Home arrow Articles arrow HyperThreading Technology - Overview
HyperThreading Technology - Overview Print
Sunday, 26 March 2006
HyperThreading Technology (HTT) is Intel's trademark for their implementation of the simultaneous multithreading technology (SMT) on the Pentium 4 micro architecture. It is basically a more advanced form of SuperThreading that first debuted on the Intel Xeon processors and was later added to Pentium 4 processors.

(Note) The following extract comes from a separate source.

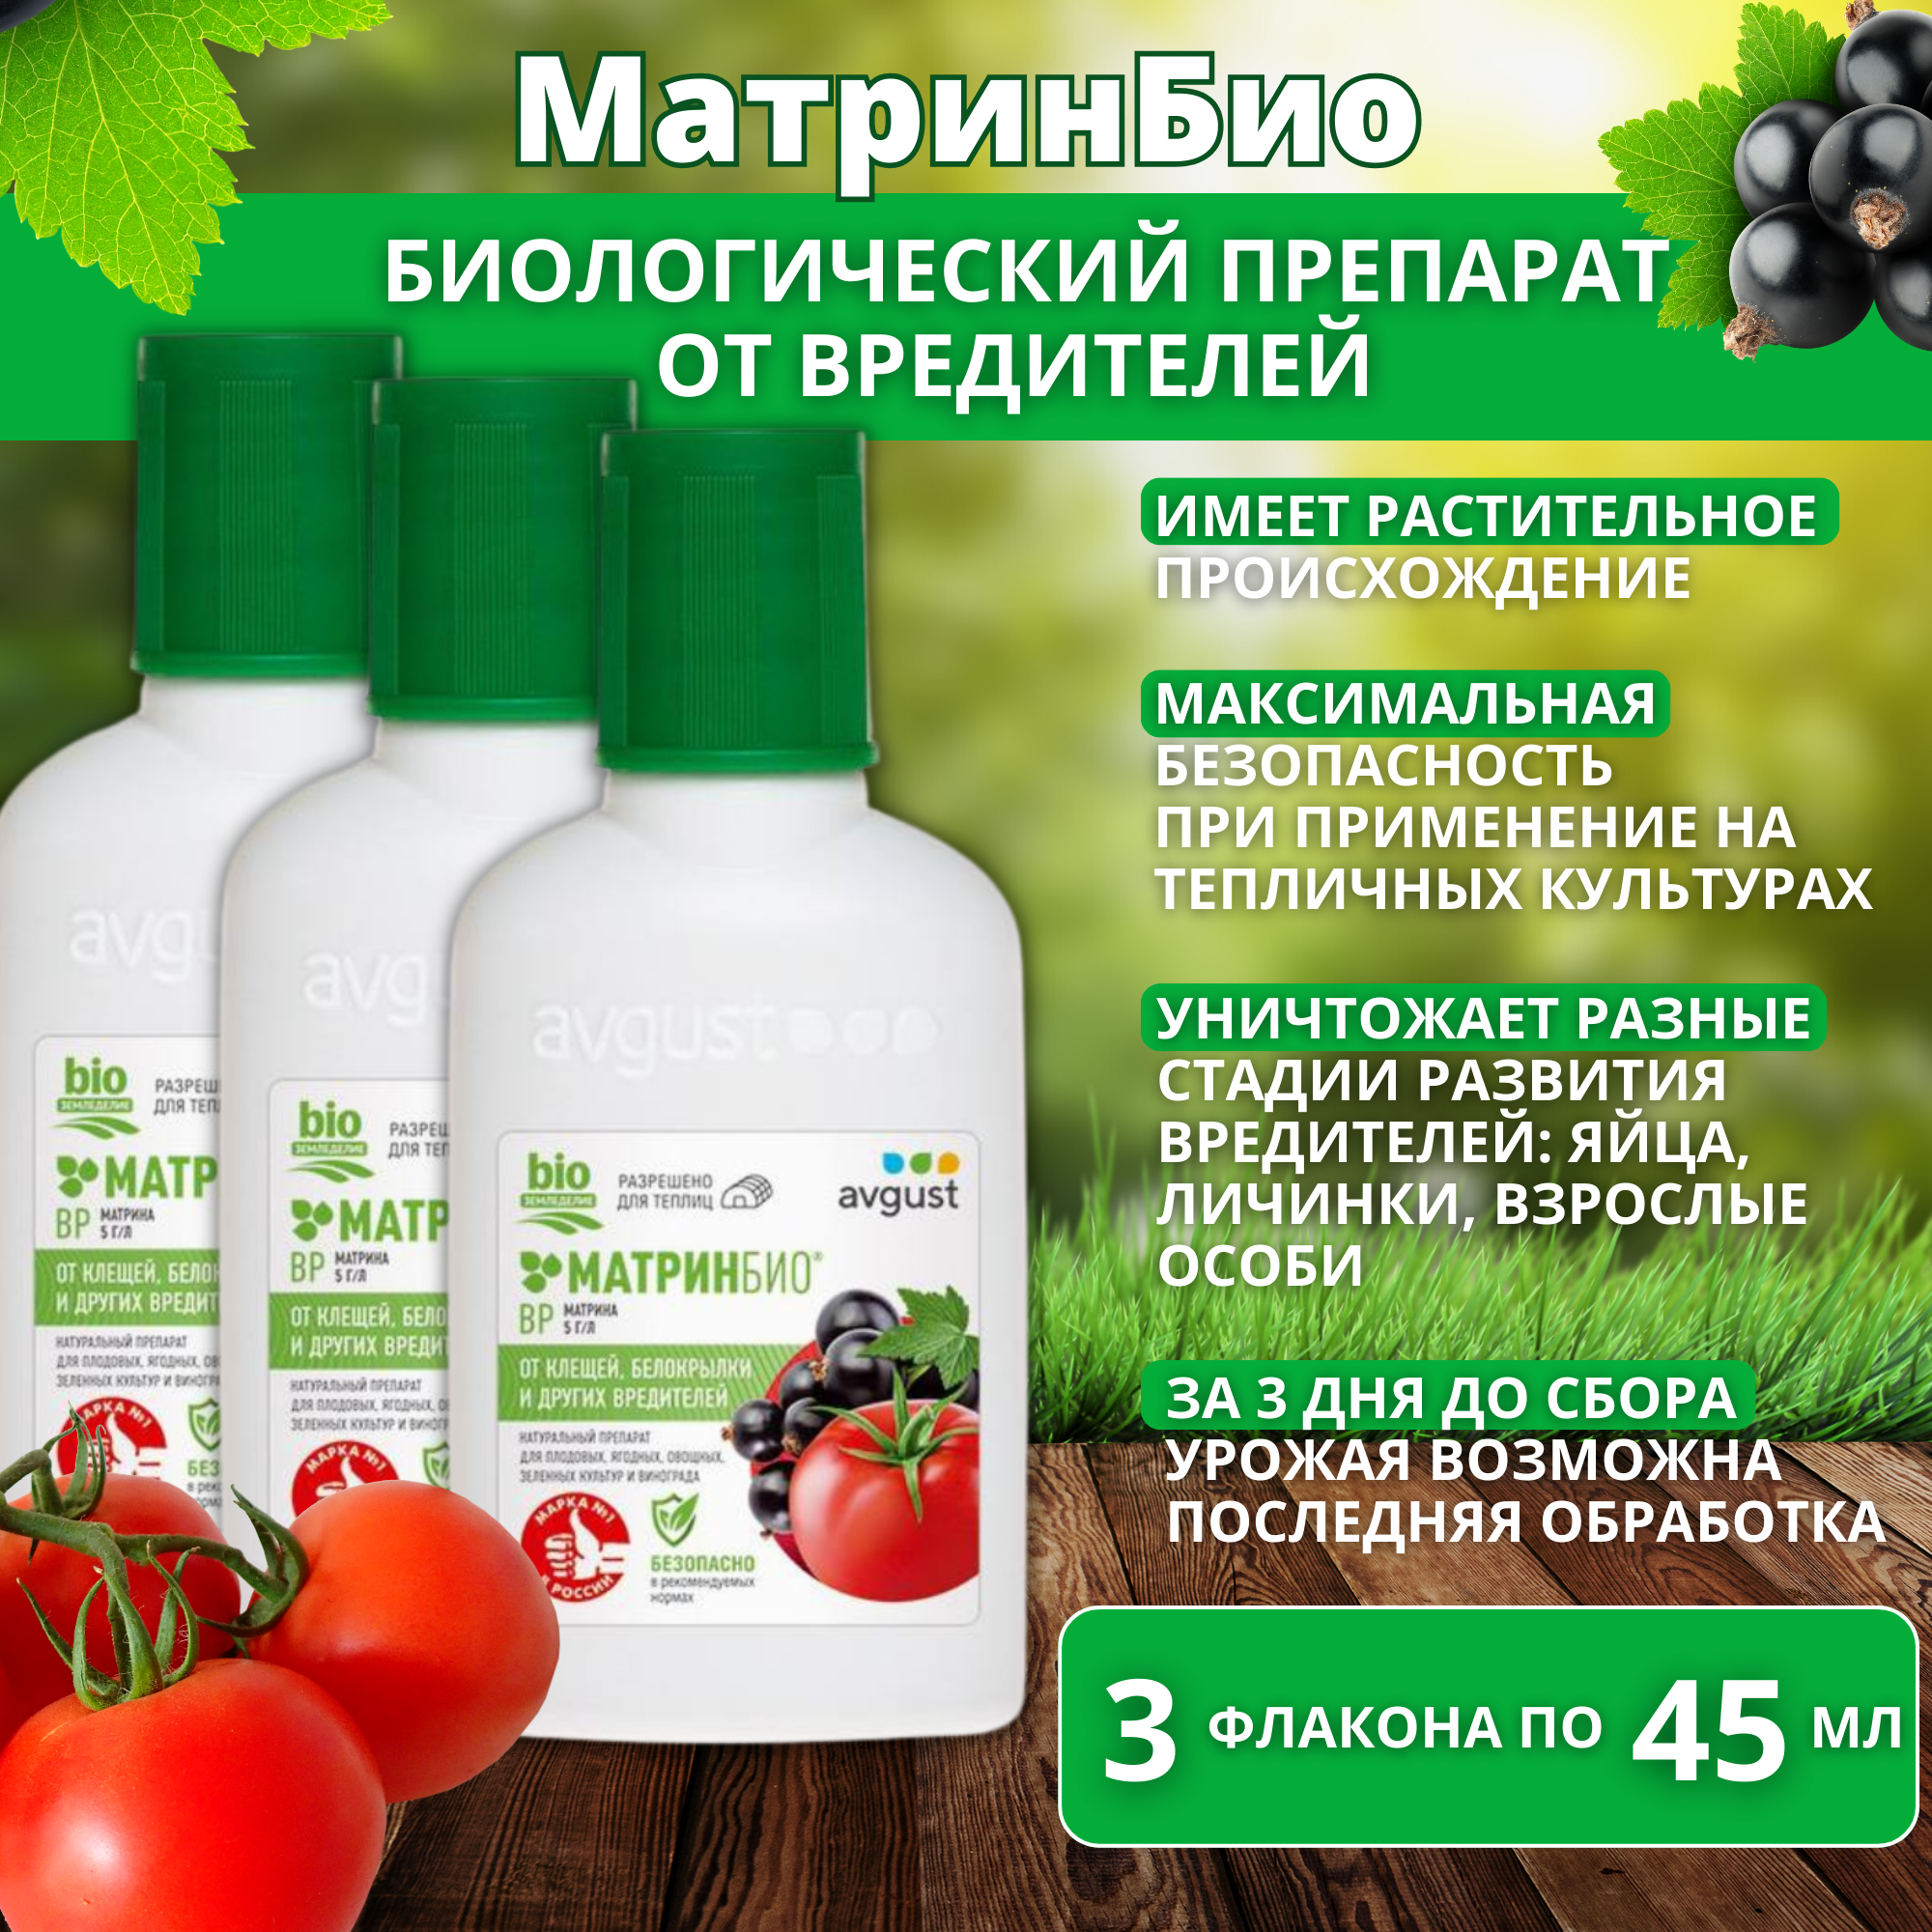 МатринБио для защиты овощных плодовых культур и винограда от вредителей 3 флакона по 45 мл

In SuperThreading, the processor can execute instructions from a different thread each cycle. Thus cycles left unused by a thread can be used by another that is ready to run. Still, a given thread is almost surely not utilizing all the multiple execution units of a modern processor at the same time. More advanced implementations of SMT allow multiple threads to run in the same cycle, using different execution units of a superscalar processor.

The HyperThreading technology improves processor performance under certain workloads by providing useful work for execution units that would otherwise be idle, for example during a cache miss. The advantages of HyperThreading are listed as improved support for multi-threaded code, allowing multiple threads to run simultaneously, improved reaction and response time, and increased number of users a server can support.

HyperThreading works by duplicating certain sections of the processor but not duplicating the main execution resources. Where execution resources in a non-HyperThreading capable processor are not used by the current task, and especially when the processor is stalled, a HyperThreading equipped processor may use those execution resources to execute the other scheduled task.

From a software or architecture perspective, this means operating systems and user programs can schedule processes or threads to logical processors as they would on multiple physical processors. As most of today's operating systems (such as Windows and Linux) are capable of dividing their workload among multiple processors (this is called Symmetric Multi Processing or SMP), the operating system simply acts as though the HyperThreading processor is a pool of two processors.

Before continuing our discussion of multiprocessing, let's take a moment to unpack the term "program" a bit more. In most modern operating systems, what users normally call a program would be more technically termed a process. Associated with each process is a context, "context" being just a catch-all term that encompasses all the information that completely describes the process's current state of execution (e.g. the contents of the CPU registers, the program counter, the flags, etc.).

Processes are made up of threads, and each process consists of at least one main thread. Processes can be made up of multiple threads, and each of these threads can have its own local context in addition to the process's context, which is shared by all the threads in a process. In reality, a thread is just a specific type of stripped-down process, a "lightweight process".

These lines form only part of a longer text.